Todos conocemos a cierto tipo de persona que hace difícil la vida de los demás. Quizá hasta somos una de tales personas. El ejemplo cotidiano lo dan el jefe mandón y el papá dominante. Regañan, gritan y chantajean para exigir que se haga su voluntad. Quizá es asunto de personalidad. Tal vez lo disfrutan. No sé. Cada uno lo hace a su modo, pero el resultado es común: lo que ya era difícil se hace aún más arduo.
Esta peculiar psicología tiene su correlato político en la manía de algunas convicciones e ideologías de insistir en que todos hagamos lo que dicen. Que, para ponerlo en sencillo, se traduce en joder la vida del vecino.
Una variedad de académicos explican que muchos se inclinan por opciones políticas autoritarias y postulan así el modelo del padre estricto. George Lakoff lo puso en la agenda mediática estadounidense al señalar la paradoja del maestro que vota por los republicanos mientras estos le cortan el financiamiento a las escuelas. Como el padre que atropella a los hijos, la razón dada es que el damnificado no reconoce lo que le conviene: «Es por su bien».
La teoría explica la lógica autoritaria, pero no quita un ápice al problema que causa: ¿por qué darles a los demás una vida aún más difícil de la que ya tienen? Vamos a lo concreto.
Supongamos que usted es marero. ¿Cómo llegó aquí? Si atendemos la voz de quienes se arriesgan a bucear en el «bajomundo», la constante del que va a parar allí es una vida dura. Con padres a medias, mala infancia, peor juventud, sin dinero, sin caricias y sin alegría. El dolor es la más grande certeza que habrá conocido. Ahora mata para vivir y eventualmente morirá bajo la misma ley de sangre. Entonces viene el político/ideólogo/padre estricto y propone cárcel y castigo. Mejor aún, muerte en la noche como limpieza social. Ante una vida jodida, joderla más.
Supongamos que hoy es madre soltera. Y de las pobres. ¿Cómo llegó allí? Sin escuela, un padrastro abusó de usted a los 11 años. Desde entonces la cosa nunca paró. Una hilera de novios abusó de su autoestima tanto como de su cuerpo, cada uno desechándola al siguiente más ruin. Hoy tiene dos hijos e incuba maltrecha un tercero. Apenas vive de las sobras de los mismos ingratos que la explotan. Ahora viene el político/ideólogo/padre estricto y propone: «¿Transferencias condicionadas? ¡Jamás!». Enseñar a pescar, no dar pescado a esas vividoras. Y ni se hable de anticonceptivos, que son pecado. Ante una vida jodida, joderla más.
Supongamos que nació indígena y en el campo en medio de la guerra.
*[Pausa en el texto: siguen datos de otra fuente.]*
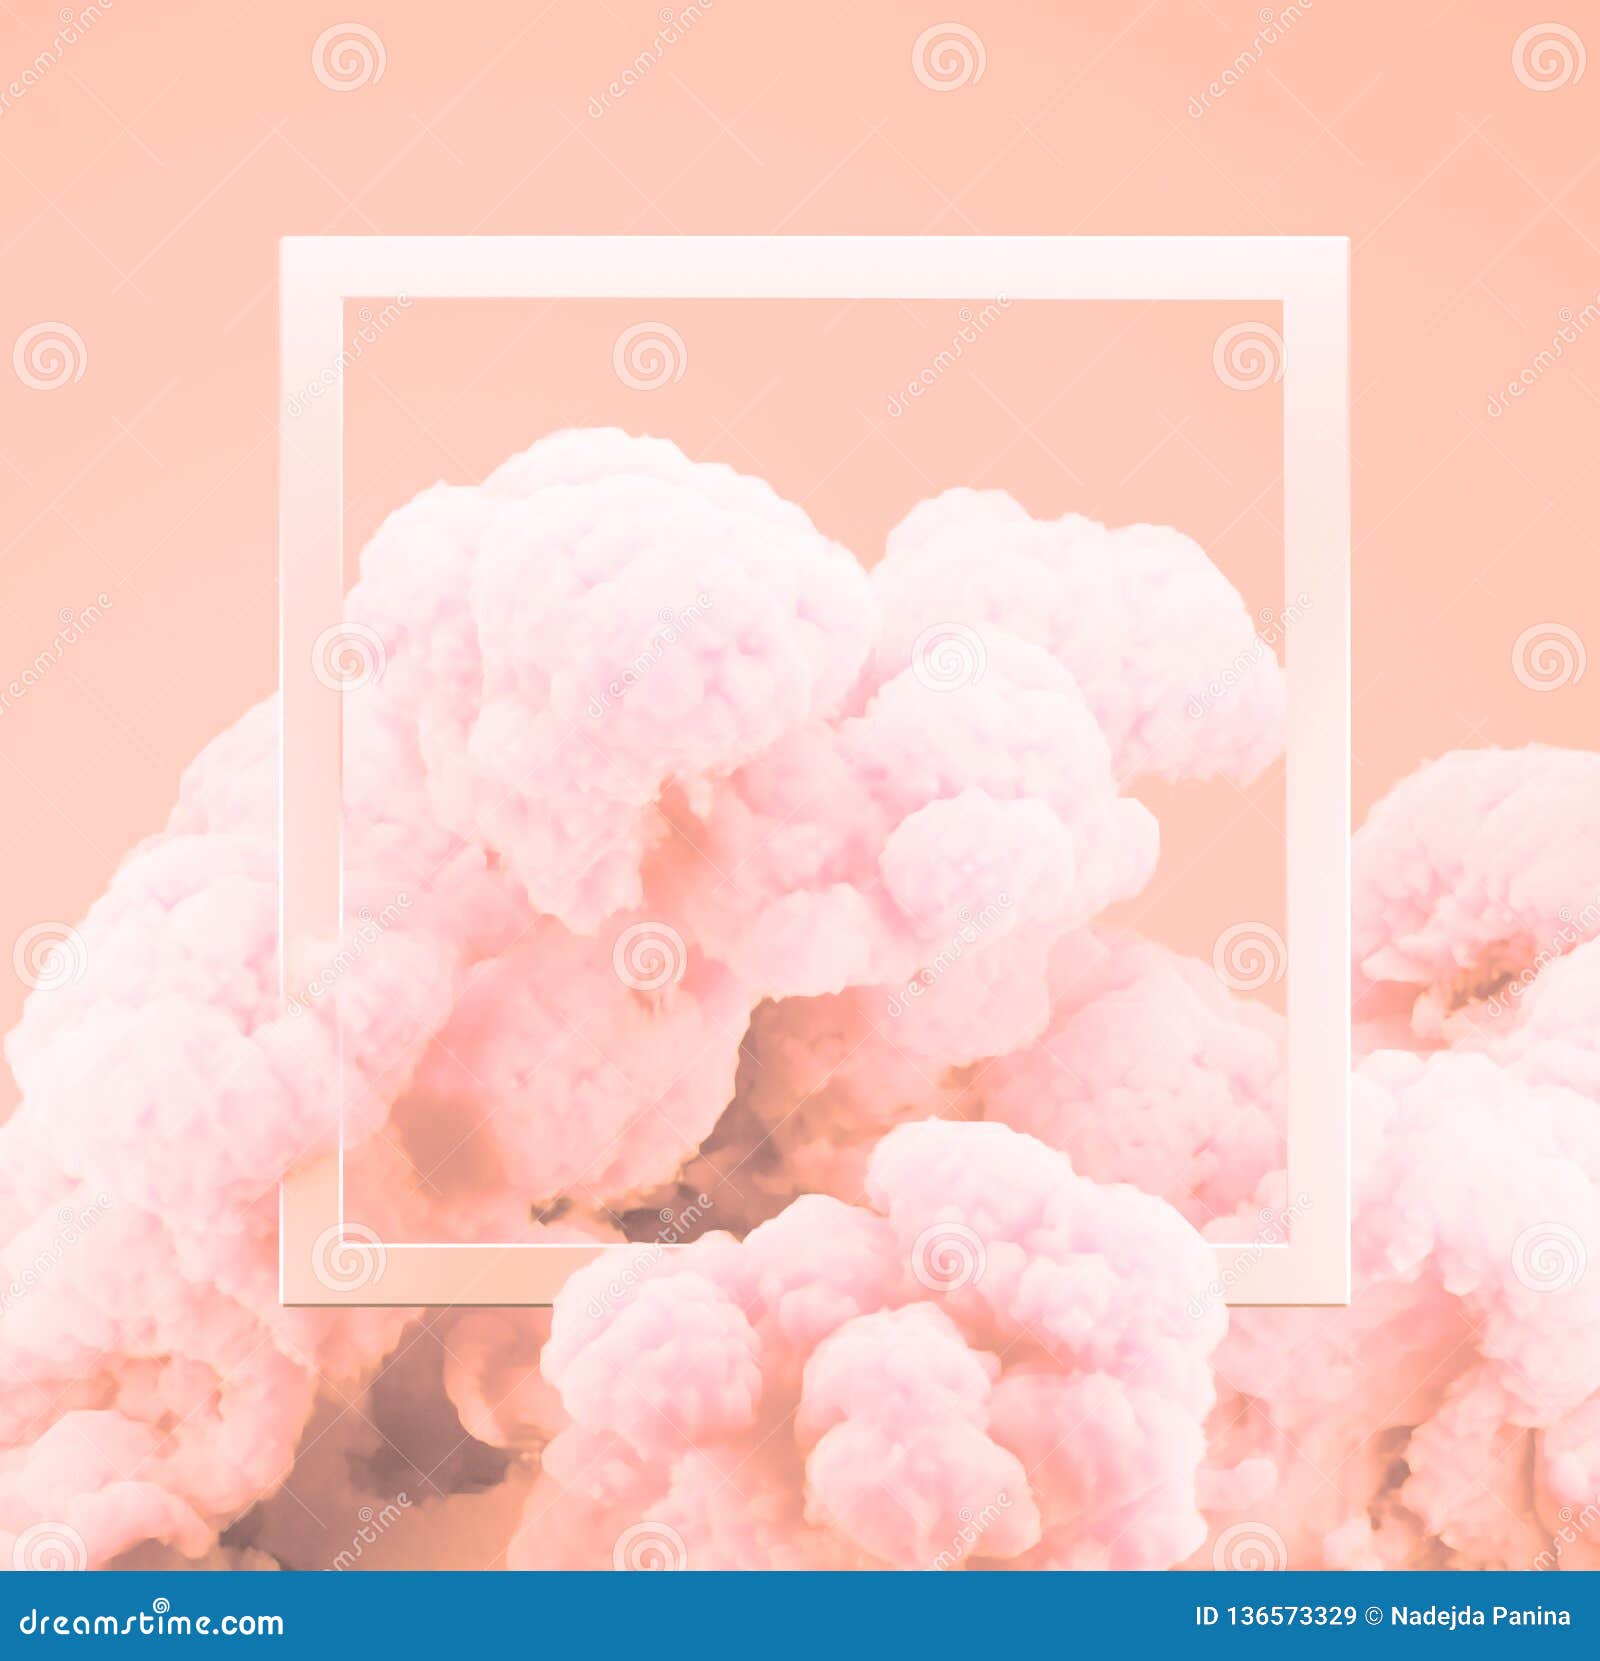 Sương mù hoa hồng trừu tượng với màu sắc sống động đang chờ đợi bạn khám phá. Hãy xem hình ảnh để cảm nhận được sự kì diệu của công nghệ làm sương mù và màu sắc tuyệt vời.

Temor, violencia e injusticia son los signos de su biografía. Viene ahora el político/ideólogo/padre estricto y propone la solución: haga lo que digo, calle, olvide y busque empleo. Sonría, no pida justicia, que dar voz a la indignación por el desaparecido es ser terrorista. Merecida la desventura del vividor del conflicto.
Una y otra vez, ante la desgracia patente del otro, la receta se repite: culpar y, como corolario, castigar. Reconozca su culpa, exigen —ya pecado, pereza o rebeldía, qué más da—, y el castigo lo hará mejor. Aunque termine de vivir su breve y mala vida en dolor, en angustia.
Sin embargo, hay un pequeño pero importante tropiezo en todo esto. Es que la propuesta se construye sobre una falsedad dicha no a otros, no al mundo, sino al mismo que la proclama. Es la mentira para no sentir la vida de los otros, para evitar compadecerse. Porque es más fácil dar palo, dejarlos afuera, donde no se vean, donde no se sientan. Quienes compadecemos escasamente resolvemos el problema del otro. (Al fin, ¿cuánto puedo hacer yo para cambiar la vida de tanto marero, de tanta madre soltera, de tanta viuda de guerra? Muy poco). Pero al menos asumimos la carga del dolor ajeno, de la responsabilidad propia. Resulta más fácil culparlos y desentenderse, lavarse las manos como un nuevo Pilatos: «Allá ellos».
Así que, en adelante, si quiere seguir culpando y castigando, entienda que lo hace por usted, no por los demás. No por el marero, sino por usted. No por la madre soltera, sino por usted. No por la viuda, sino por su propia y maltrecha conciencia. Piense lo que quiera, haga lo que quiera con su propia vida, pero, por favor, deje de joder a las víctimas.